You remember Sophie’s World, last year’s runaway success? Written by a Norwegian high-school teacher and novelist, it purported to make the Great Questions of philosophy accessible for the pre-teens. The Solitaire Mystery ploughs the same furrow and what an arid one it is.

This genre of writing aims to give complex ideas the gloss of the moment.In this case Paul Daniels and Baudrillard (father of post-Modernism) hop TV channels with Bettelheim and the Brothers Grimm.

So we have a child and his alcoholic father searching for his “real” mother, who has lost her Self in becoming a model, intercut with a magical world of fairy tales in the mittel-European woods.

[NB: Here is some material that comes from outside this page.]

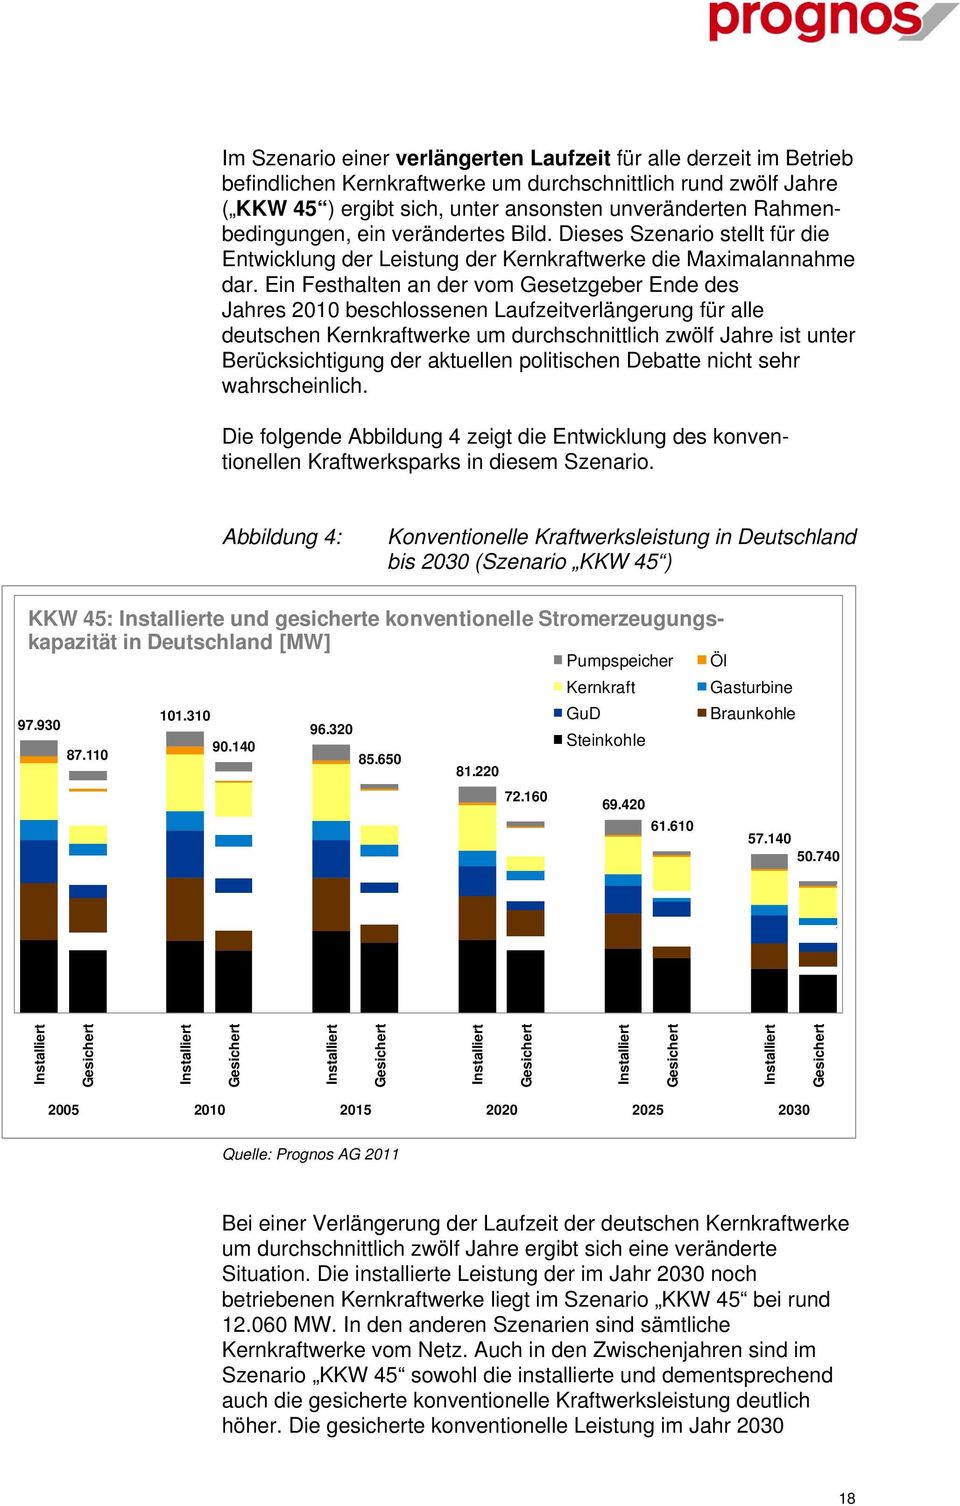 Ein Festhalten an der vom Gesetzgeber Ende des Jahres 2010 beschlossenen Laufzeitverlängerung für alle deutschen Kernkraftwerke um durchschnittlich zwölf Jahre ist unter Berücksichtigung der
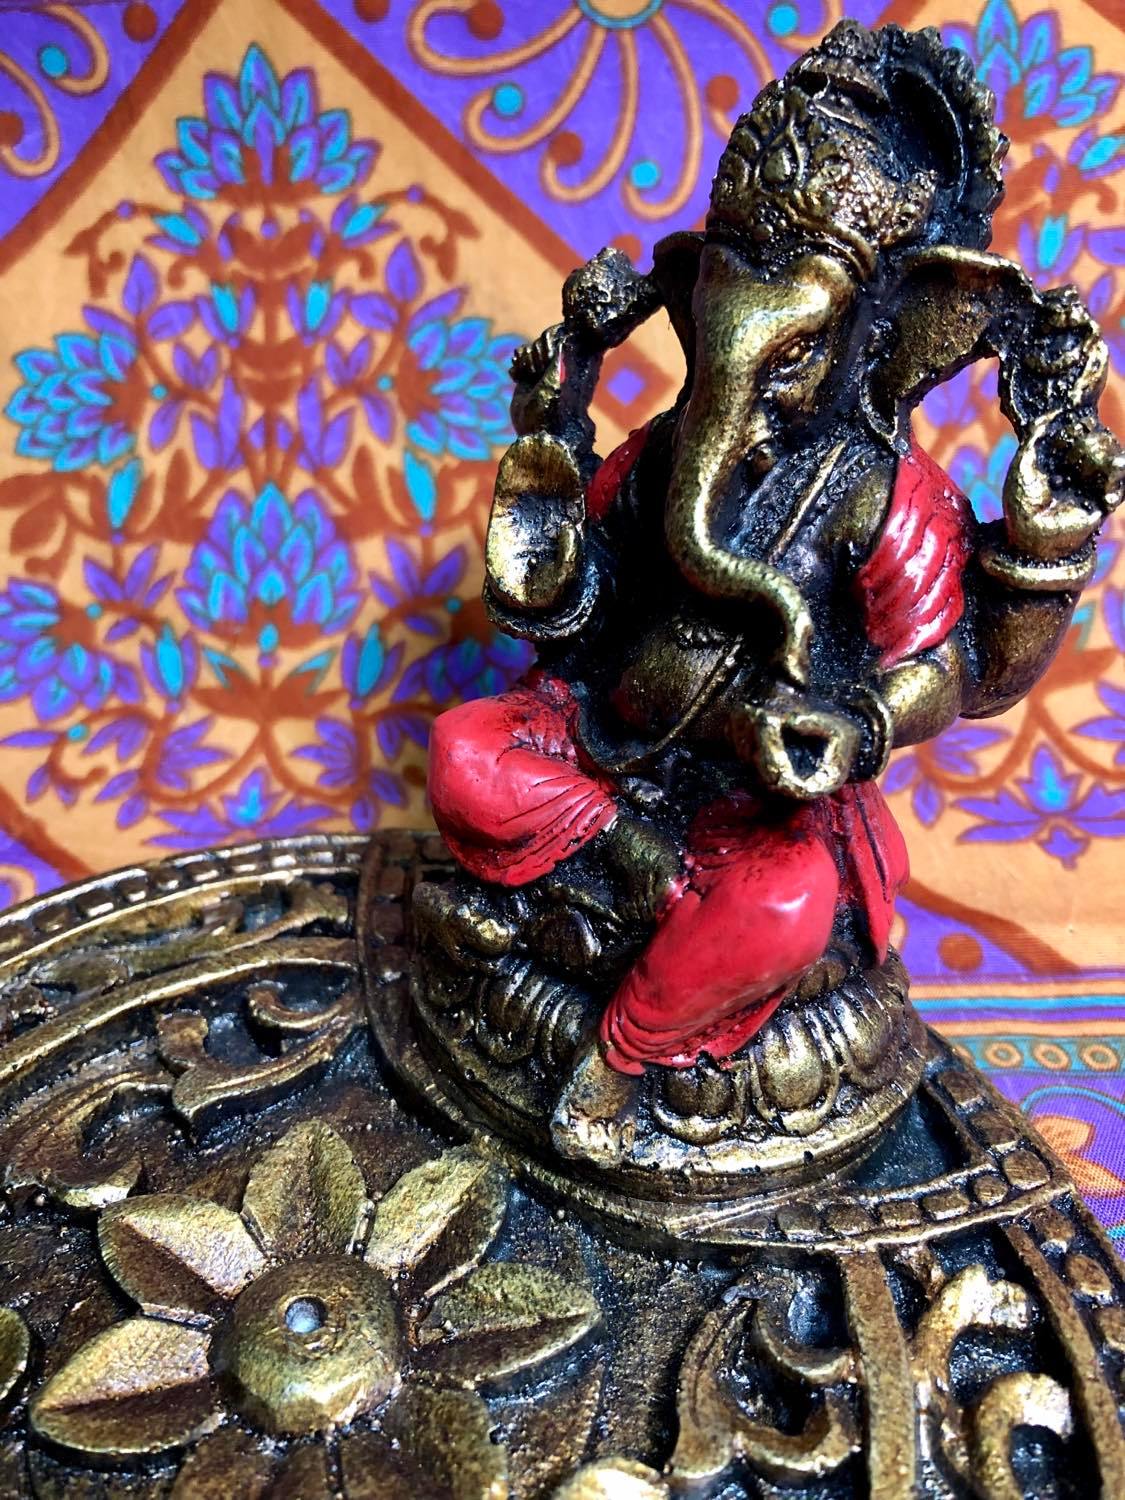 Ganesh Lotus Incense Holder

Both the magical story and the drunken father’s ramblings bang on about the relationship between the human and divine, epistemology, existence, essence and attributes.

Neither any hint of characterisation nor any desire to make interesting prose impedes the author’s pedagogic progress through the nature of reality. As Jostein Gaarder’s writing style is, to put it mildly, deathly dull, those wishing to inoculate their children against curiosity in ideas should buy the book.

Others should invest in Lewis Carroll who did this sort of thing much better a century ago. Older students could go for Bertrand Russell’s History of Western Philosophy. It cannot be savoured in one gulp but will mature on the shelves with the reader, unlike The Solitaire Mystery, which will rapidly go mouldy before your eyes.